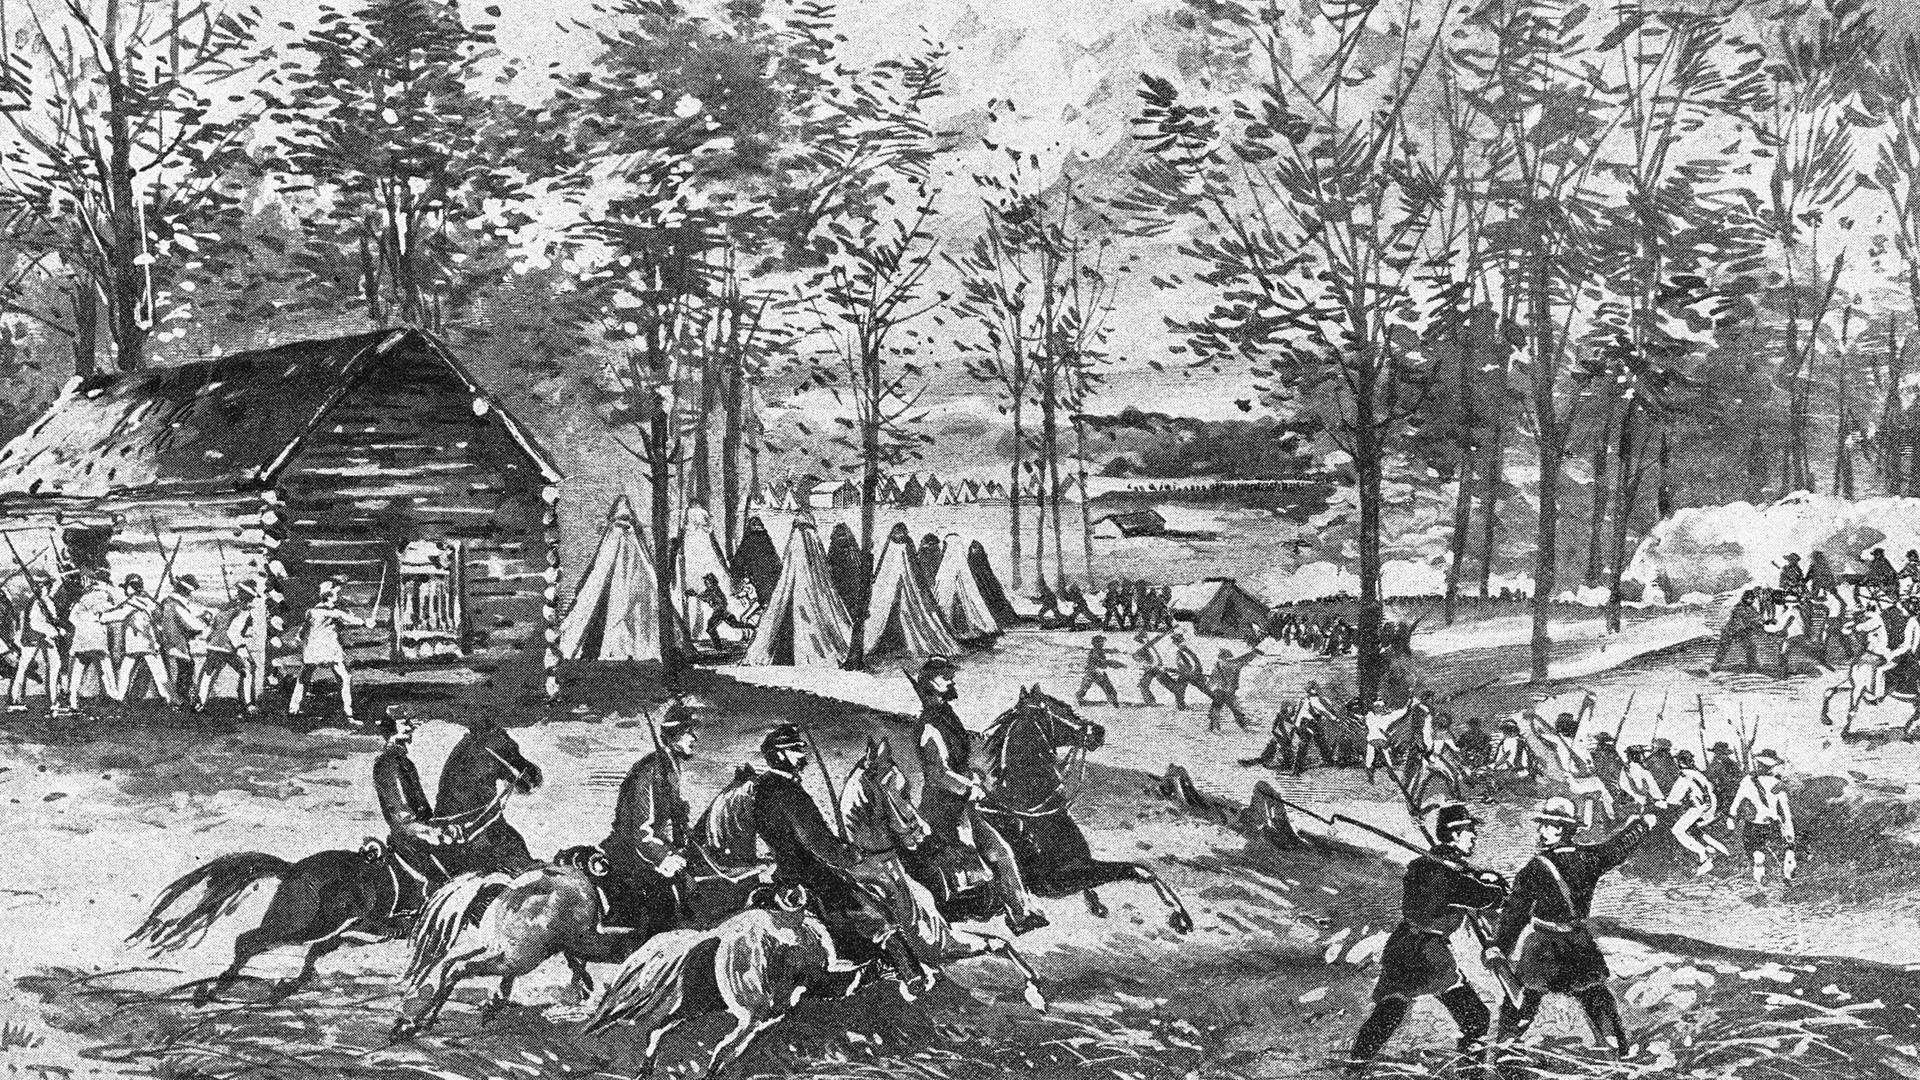 Black and white painting of a civil war scene in Tennessee
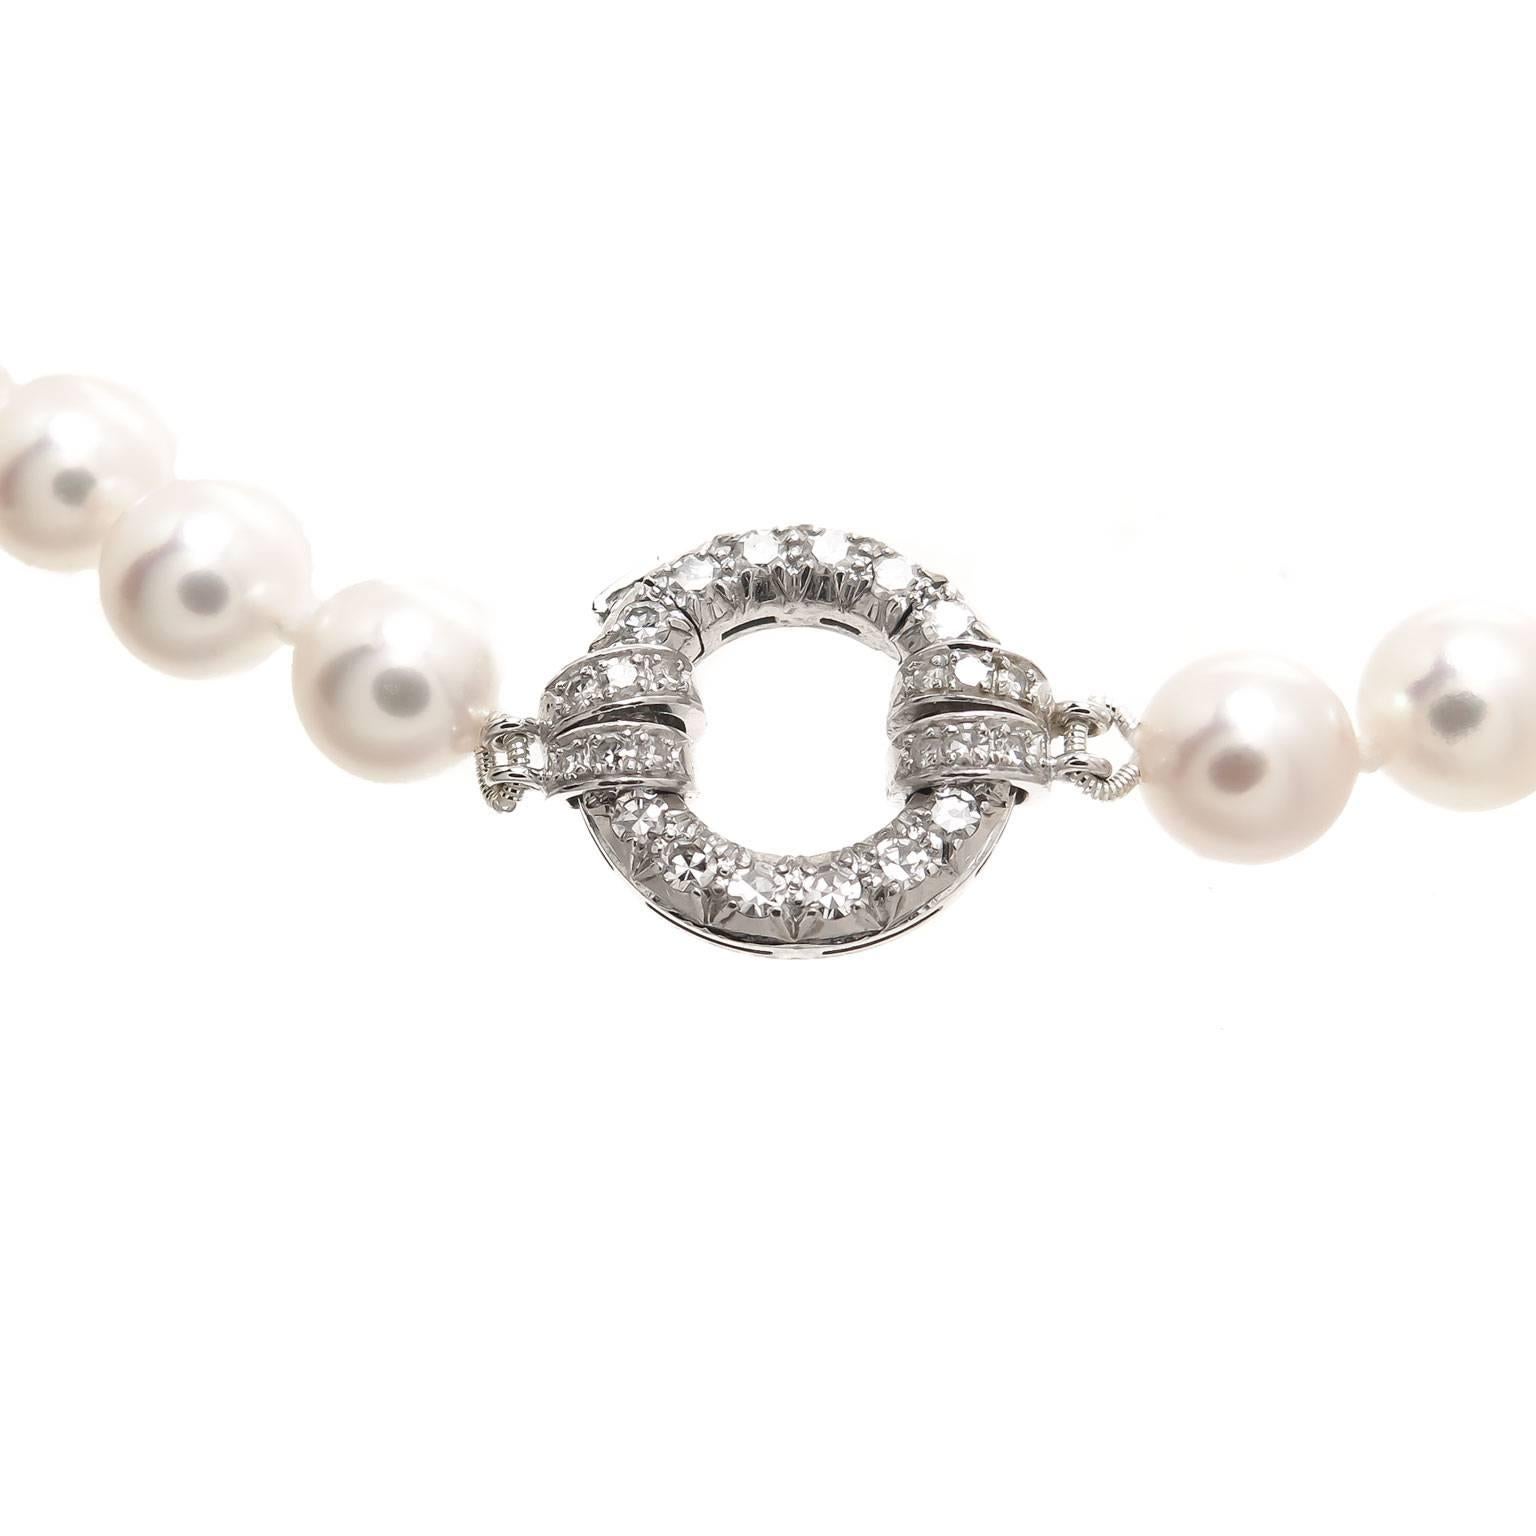 Circa 2000 Vacheron & Constantin, Geneve 36 Inch Pearl Necklace. 7.5 MM round individually knotted, Fine White luster with a light Pink hue, Diamond set 18K white Gold Clasp. Comes in Original Vacheron signed Suede Holder. Excellent condition,
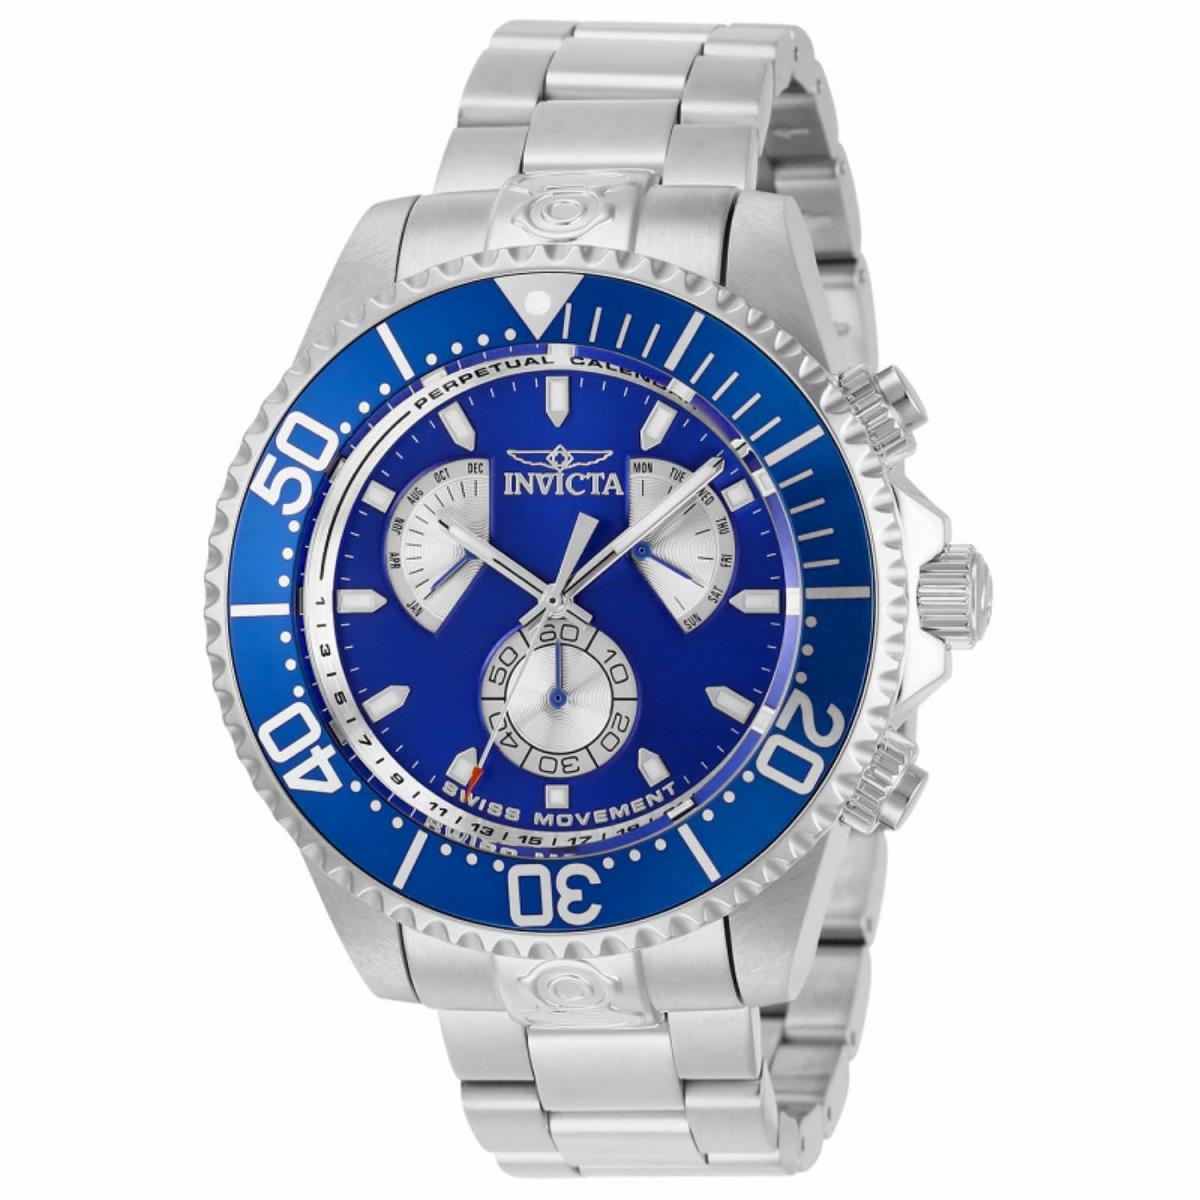 Invicta 29971 Grand Diver 47mm Perpetual Calendar Stainless Steel Bracelet Watch
——
What you have to do: Only the lines starting at the one that holds "Circa 2000 Vacheron" and ending at the last line of the data belong in your answer. Please set them down exactly and omit the pictures.

Written solution:
 Circa 2000 Vacheron & Constantin, Geneve 36 Inch Pearl Necklace. 7.5 MM round individually knotted, Fine White luster with a light Pink hue, Diamond set 18K white Gold Clasp. Comes in Original Vacheron signed Suede Holder. Excellent condition,
 Invicta 29971 Grand Diver 47mm Perpetual Calendar Stainless Steel Bracelet Watch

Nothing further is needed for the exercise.